The Midland Fertility Service said it would be unethical for Beth’s medical colleagues to treat them, so they went to another clinic and endured the misery of two failed rounds of ICSI costing £10,000, which were paid for by their generous parents.
‘I begged my own clinic to do another cycle. I just knew it would make a difference to be treated by people who cared,’ says Beth.
It did. Beth became pregnant and gave birth to twins Toby and Barney, who are now three. After the birth, Beth went on a major diet to lose 2st, and Thomas — who is slim anyway — shared the same meals.
He doesn’t know whether the change in food intake affected his fertility, but to the couple’s astonishment Beth then got pregnant naturally. Baby Phoebe was born last December.
So why is male infertility on the rise? Sheena Lewis, professor of reproductive medicine at Queen’s University, Belfast, is the inventor of the sperm comet test and has a long-standing interest in the area.
‘The number of men with fertility problems is growing rapidly,’ she says. ‘It is no longer a personal issue, it is a major public health issue.
‘Environmental factors must be the cause, and if we don’t find out what they are and do something, the problem will accelerate.’
Evidence showing that sperm concentrations had halved since the Forties first began to emerge 20 years ago.
Many scientists questioned the testing methods used in these early studies, but since then an avalanche of other research has shown sperm quality deteriorating year on year.
Incidence of cancer of the genital organs in young men has also inexplicably doubled since the Seventies.
Research published only last month shows more than one in 20 baby boys is now born with undescended testes, trebling the risk of testicular cancer which usually strikes in young adulthood and often results in infertility.

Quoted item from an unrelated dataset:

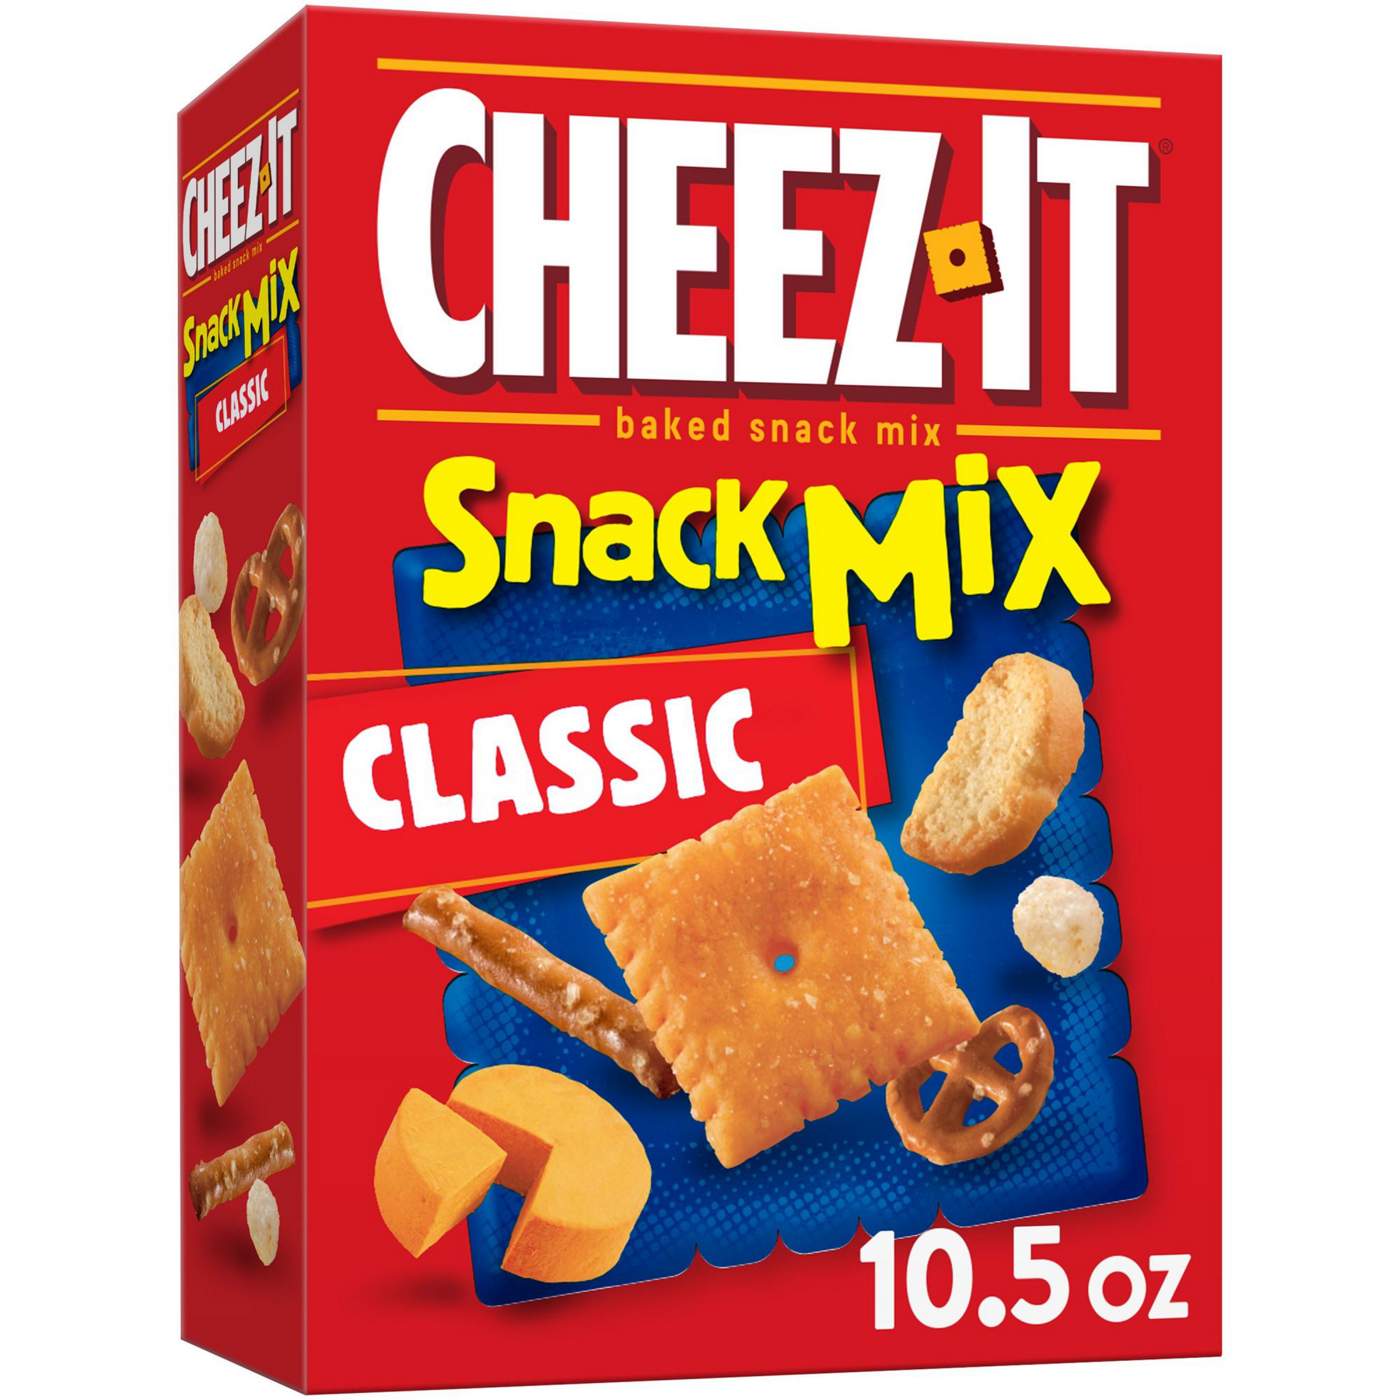 Cheez-It Classic Snack Mix; image 2 of 6

We now know chronic unfitness and obesity can also sabotage the reproductive capacity of men, and long-term harm from cigarettes can be passed from smoking father to non-smoking son.
It’s also known that by-products from some plastics that mimic the effects of female hormones are damaging to sperm, as are by-products from car pollution.

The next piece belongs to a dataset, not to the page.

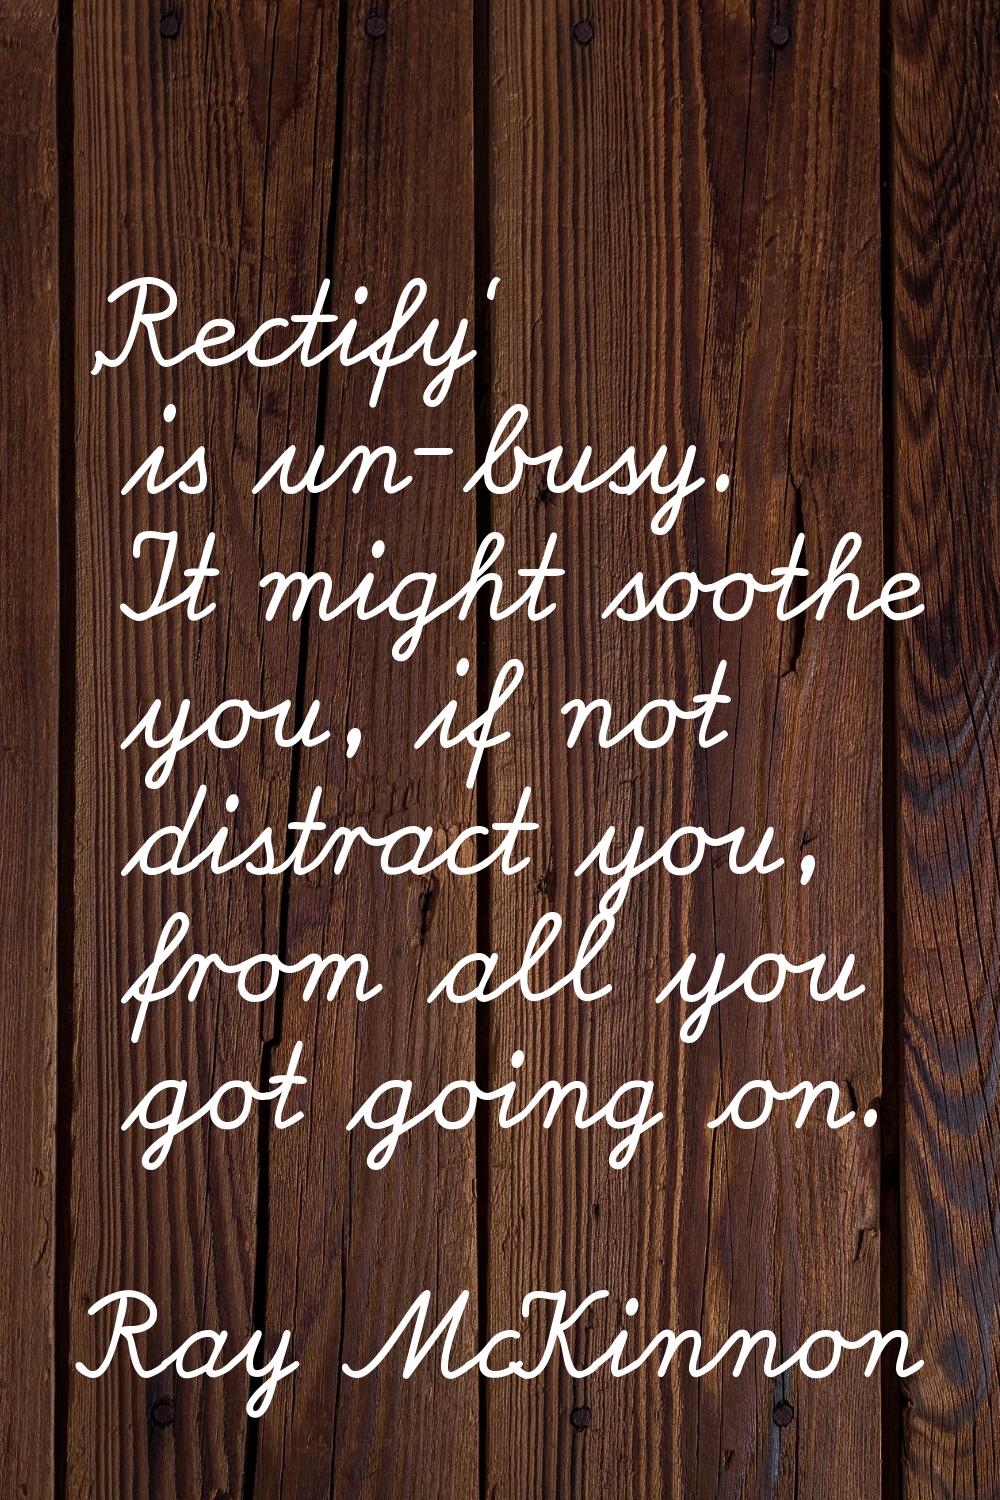 'Rectify' is un-busy. It might soothe you, if not distract you, from all you got going on.

‘There are lots of reasons to be worried about this,’ says Marco Gaudoin, medical director of the Glasgow Centre for Reproductive Medicine.
‘We now have something like 80,000 new chemicals introduced in the Western world in the past century. We have rivers where all the fish are female.

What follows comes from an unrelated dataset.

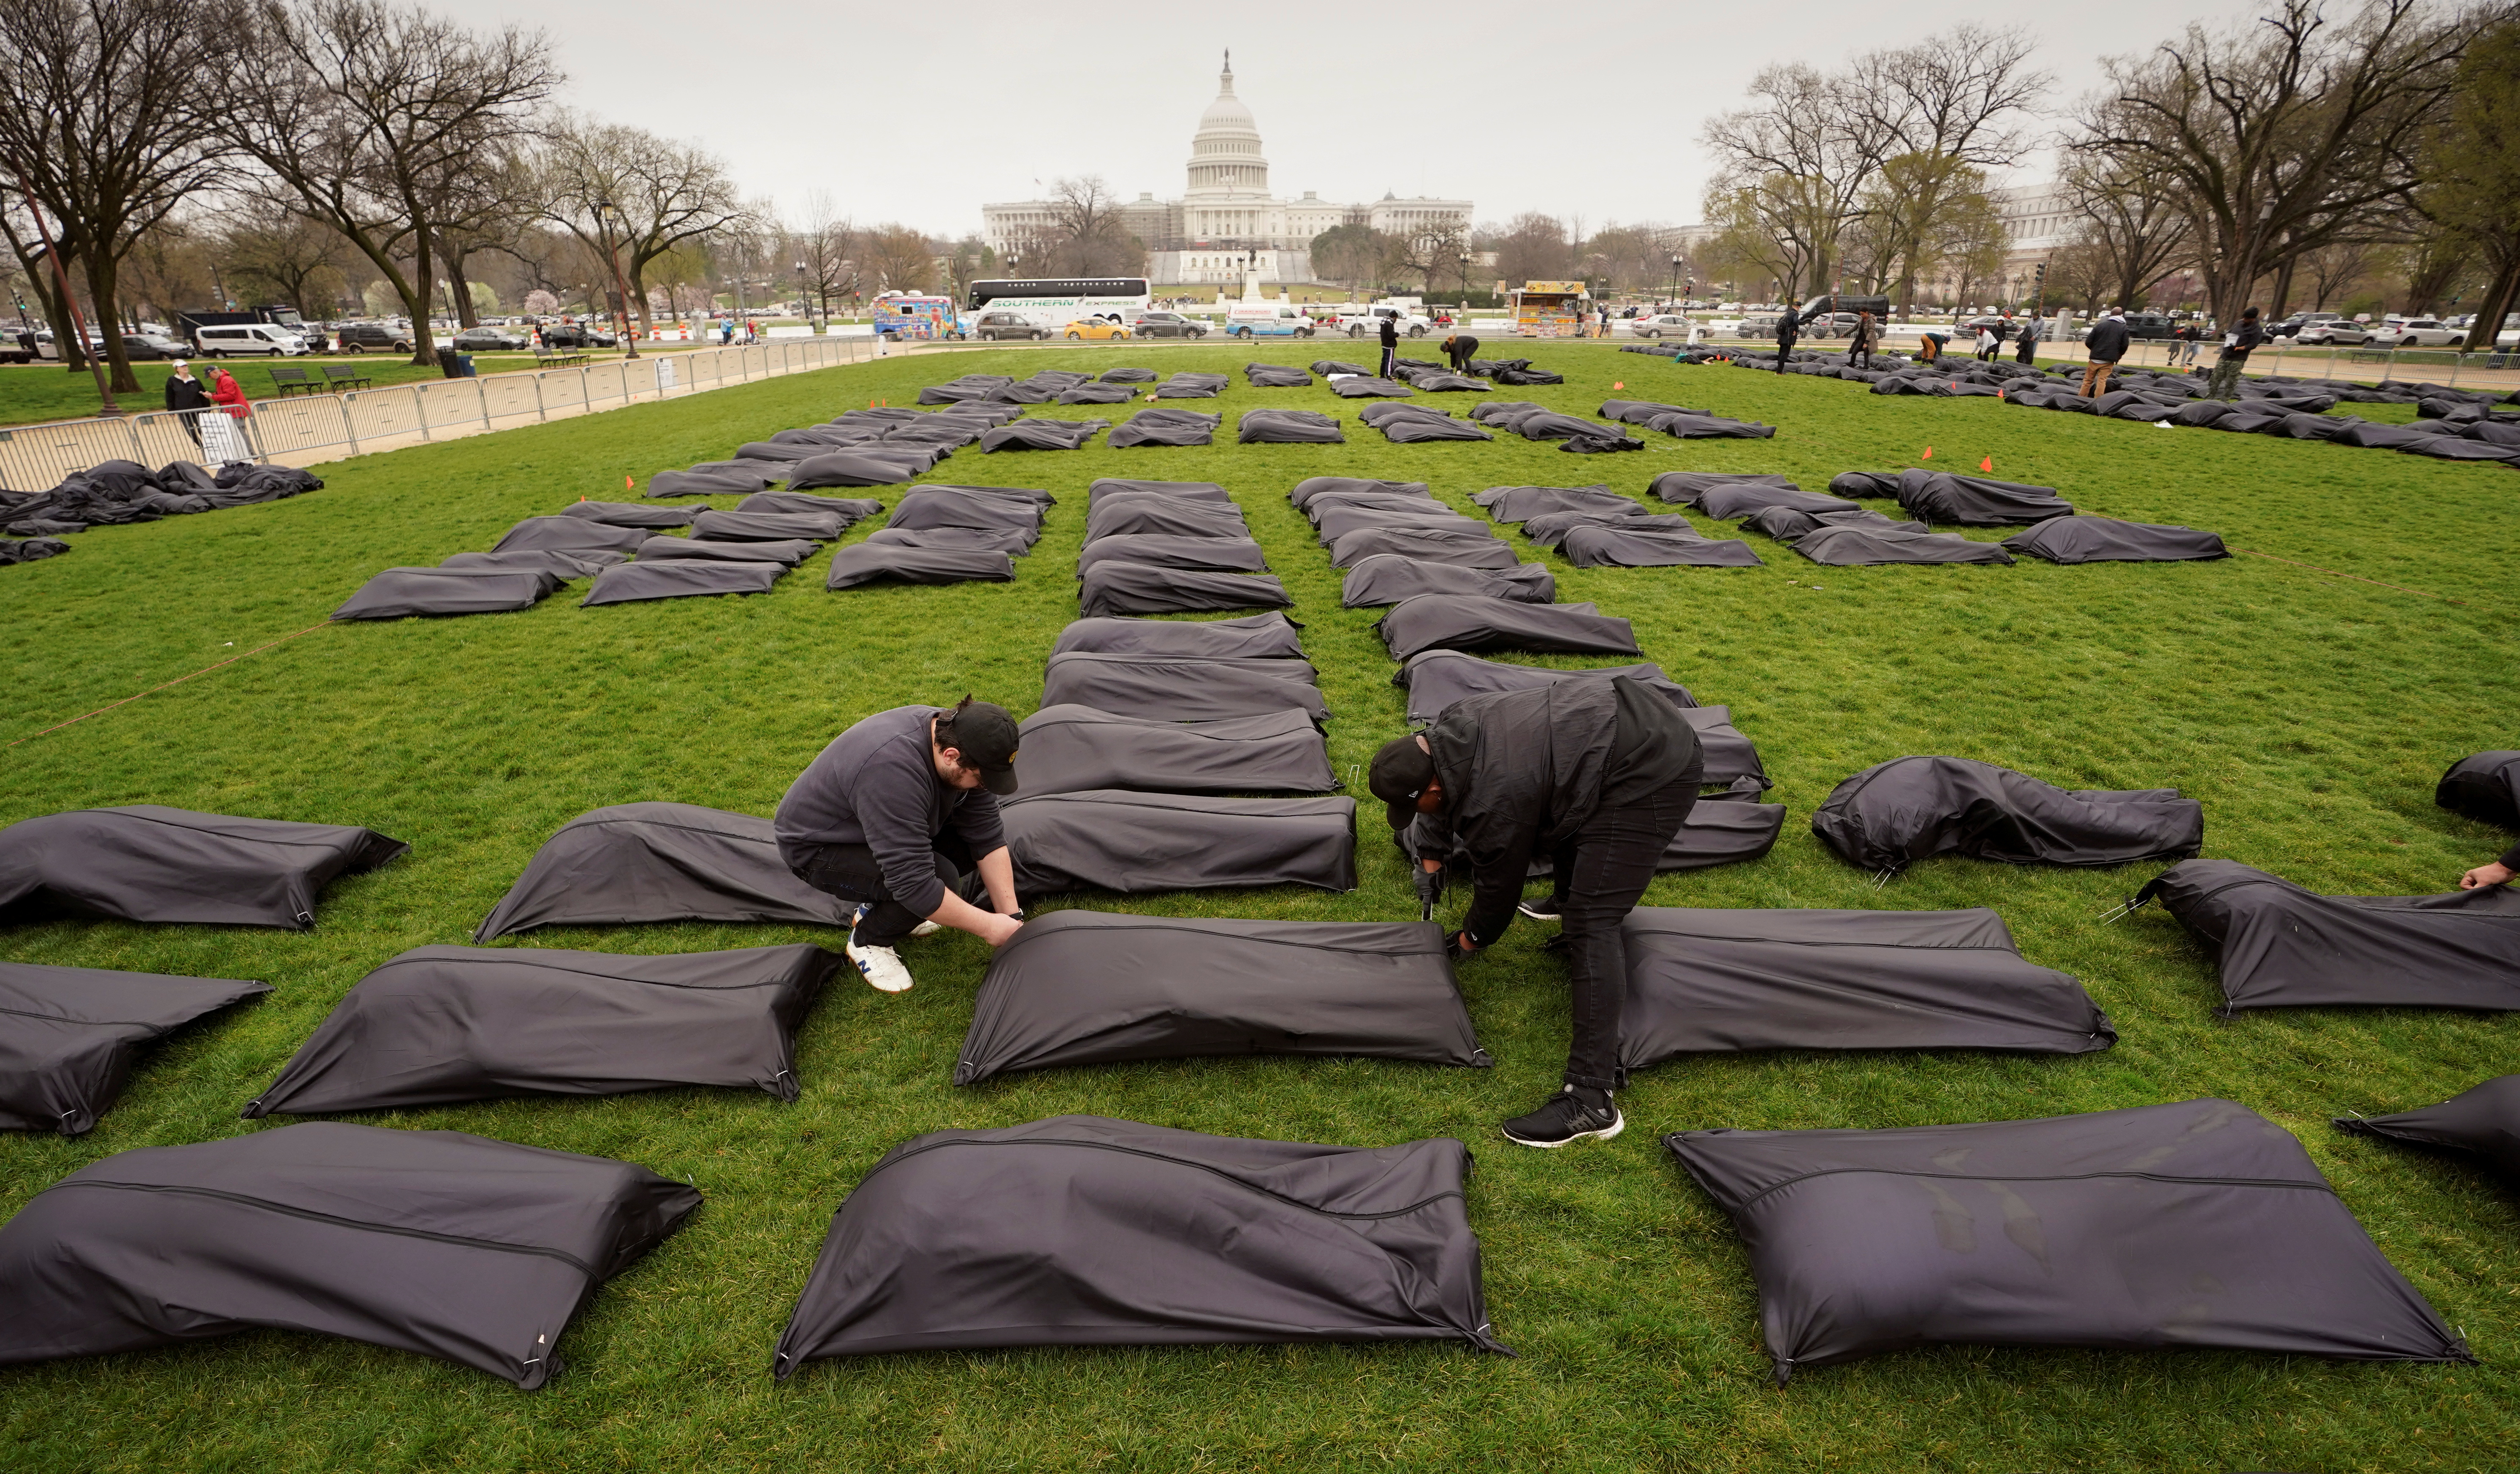 Gun control activists place body bags on the National Mall in Washington

‘Even if you have a man with a normal sperm count by conventional measures, you might still find there are high levels of damage to the sperm DNA, and we don’t know what’s causing it.’
Although other doctors acknowledge the growing fears over environmental factors, many still maintain the biggest cause of the infertility epidemic is the cult of self-fulfilment.
On one hand we are now increasingly promiscuous, suffering epidemics of chlamydia and other sexually-transmitted diseases that affect fertility.
On the other hand, couples are leaving attempts to become parents later and later, allowing age and increased exposure to lifestyle risk factors to take their toll.
Meanwhile, it appears some doctors are capitalising on fears of women to suck them into the incredibly lucrative fertility industry.
‘I think we should be worried if women are having unnecessary tests because non-specialist doctors are not taking sufficient interest in male problems,’ says Gedis Grudzinskas, the editor of Reproductive Biomedicine Online.
‘The tests on women are painful, and there is a risk of infection which might cause more damage.’
Although it is not an issue which attracts the short-term interest of politicians or healthcare providers, this year the European Union launched Reprotrain, a four-year, ‘urgent priority’ international project involving six countries to identify ways of tackling the impending fertility crisis.
But even if the project comes up with answers, it is not an initiative that will help Dennis Robinson.
‘It never entered my head I would be unable to have a child of my own,’ he says.
‘I was never focused on it like I am now, it was just something I thought would happen when it happened. Now I want a child more than anything.’